**What the task asks**
"lamp" appears in how many lines of the entries? State only the number.

--- Data in this exercise Enclosed Below ---

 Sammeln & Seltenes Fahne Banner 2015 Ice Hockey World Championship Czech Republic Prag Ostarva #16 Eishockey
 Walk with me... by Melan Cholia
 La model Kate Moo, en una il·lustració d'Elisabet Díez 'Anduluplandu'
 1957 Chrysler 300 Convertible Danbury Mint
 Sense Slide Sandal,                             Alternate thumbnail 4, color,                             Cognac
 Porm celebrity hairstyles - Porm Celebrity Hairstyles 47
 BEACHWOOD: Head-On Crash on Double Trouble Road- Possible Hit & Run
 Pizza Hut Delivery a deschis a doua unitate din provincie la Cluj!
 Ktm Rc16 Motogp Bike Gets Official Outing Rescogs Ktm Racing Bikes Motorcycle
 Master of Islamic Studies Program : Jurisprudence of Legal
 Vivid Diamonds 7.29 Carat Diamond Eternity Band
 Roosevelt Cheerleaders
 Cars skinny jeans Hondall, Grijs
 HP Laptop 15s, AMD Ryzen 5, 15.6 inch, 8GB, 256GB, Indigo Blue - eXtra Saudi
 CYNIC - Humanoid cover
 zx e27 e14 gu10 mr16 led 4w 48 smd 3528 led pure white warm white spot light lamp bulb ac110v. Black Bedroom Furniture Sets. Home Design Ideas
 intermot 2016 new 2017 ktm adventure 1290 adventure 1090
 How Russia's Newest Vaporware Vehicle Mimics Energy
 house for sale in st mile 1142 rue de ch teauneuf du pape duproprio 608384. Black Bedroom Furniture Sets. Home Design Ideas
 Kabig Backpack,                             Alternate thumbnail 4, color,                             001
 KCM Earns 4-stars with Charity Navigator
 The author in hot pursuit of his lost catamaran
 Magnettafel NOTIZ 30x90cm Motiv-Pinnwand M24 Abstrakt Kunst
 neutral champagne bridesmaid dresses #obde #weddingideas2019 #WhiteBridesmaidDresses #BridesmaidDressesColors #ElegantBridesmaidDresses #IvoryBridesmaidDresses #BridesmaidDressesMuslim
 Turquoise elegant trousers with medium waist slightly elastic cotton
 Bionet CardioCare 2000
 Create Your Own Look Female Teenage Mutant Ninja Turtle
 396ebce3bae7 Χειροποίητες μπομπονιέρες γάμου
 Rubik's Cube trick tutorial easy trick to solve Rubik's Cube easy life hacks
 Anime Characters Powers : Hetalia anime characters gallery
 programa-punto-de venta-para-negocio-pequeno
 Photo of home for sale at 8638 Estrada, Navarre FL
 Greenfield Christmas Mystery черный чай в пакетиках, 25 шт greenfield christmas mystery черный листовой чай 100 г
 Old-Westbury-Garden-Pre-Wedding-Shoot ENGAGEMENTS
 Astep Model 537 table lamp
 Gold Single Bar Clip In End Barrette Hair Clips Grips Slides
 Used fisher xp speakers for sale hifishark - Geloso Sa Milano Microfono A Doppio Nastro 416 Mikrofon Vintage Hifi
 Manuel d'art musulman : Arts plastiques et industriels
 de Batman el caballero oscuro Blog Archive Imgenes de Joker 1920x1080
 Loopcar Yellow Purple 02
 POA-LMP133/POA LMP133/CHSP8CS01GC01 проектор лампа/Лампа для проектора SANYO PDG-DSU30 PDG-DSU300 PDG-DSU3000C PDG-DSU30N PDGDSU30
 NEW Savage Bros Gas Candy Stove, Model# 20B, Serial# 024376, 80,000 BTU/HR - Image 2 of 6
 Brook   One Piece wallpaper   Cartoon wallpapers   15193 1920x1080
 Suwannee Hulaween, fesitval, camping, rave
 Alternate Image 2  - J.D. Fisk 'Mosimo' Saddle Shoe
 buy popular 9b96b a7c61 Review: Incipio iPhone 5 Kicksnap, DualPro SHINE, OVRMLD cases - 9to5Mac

--- End of Enclosed Data in this exercise ---

**Exercise result**
2